Data excerpt:
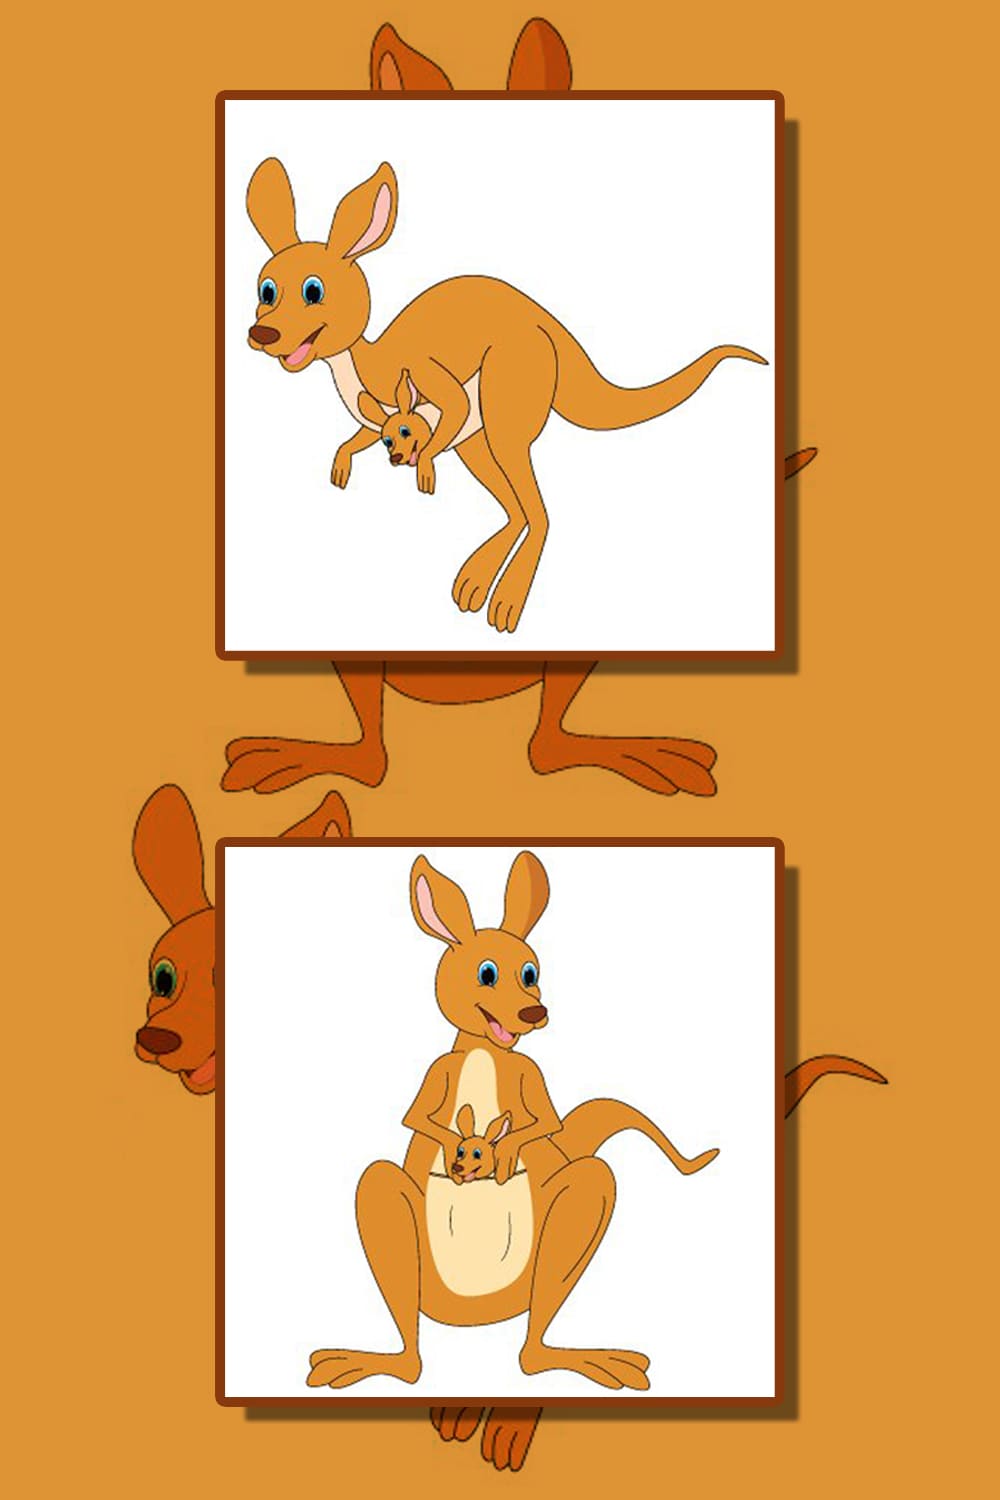 Cute Kangaroo Cartoon pinterest image.
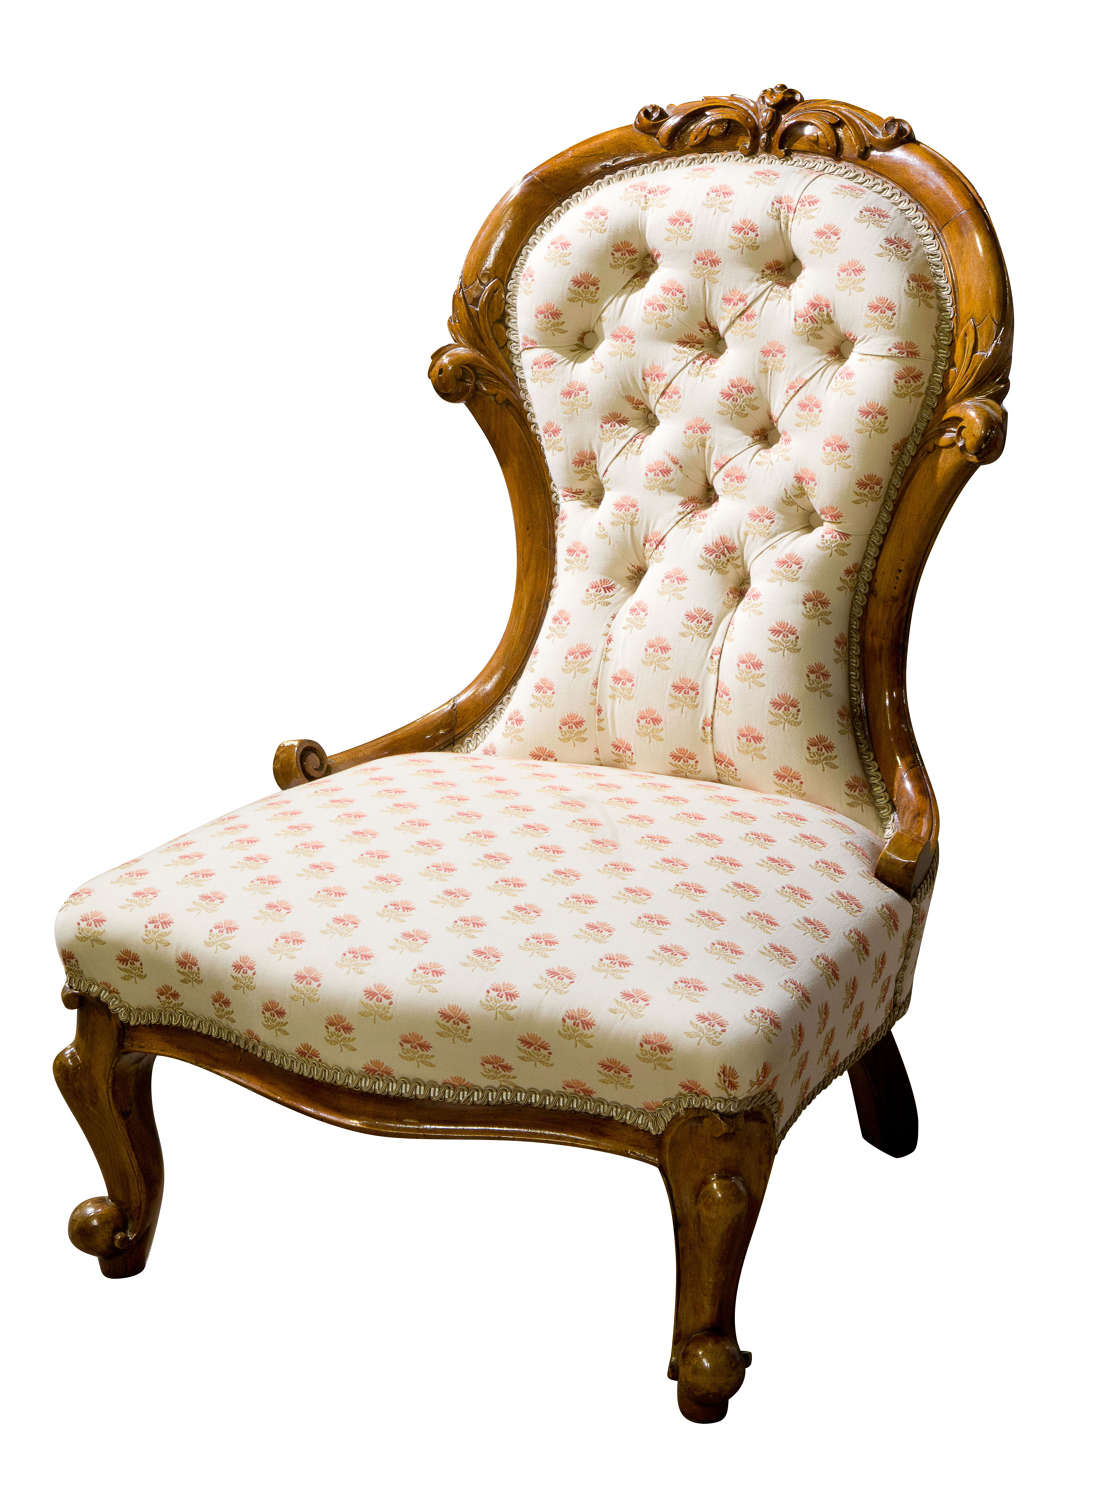 Victorian spoon backed walnut chair
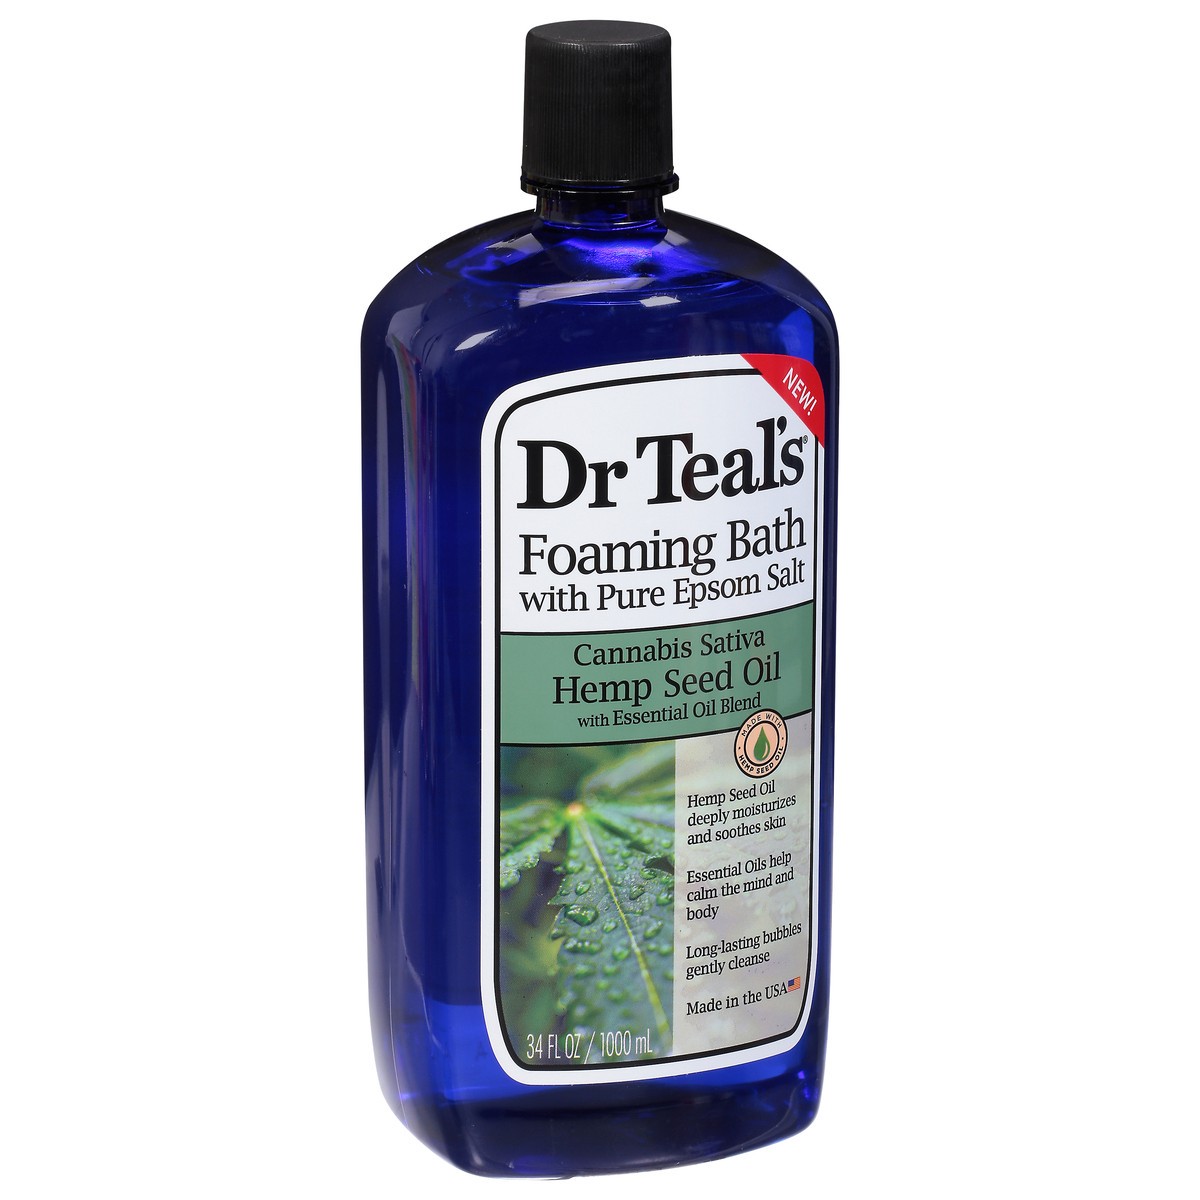 slide 2 of 9, Dr. Teal's Cannabis Sativa Hemp Seed Oil Foaming Bath with Pure Epsom Salt 34 fl oz, 34 fl oz

Your objective: Reproduce the data word for word without its images.

The answer:
 Cute Kangaroo Cartoon pinterest image.
 Victorian spoon backed walnut chair
 slide 2 of 9, Dr. Teal's Cannabis Sativa Hemp Seed Oil Foaming Bath with Pure Epsom Salt 34 fl oz, 34 fl oz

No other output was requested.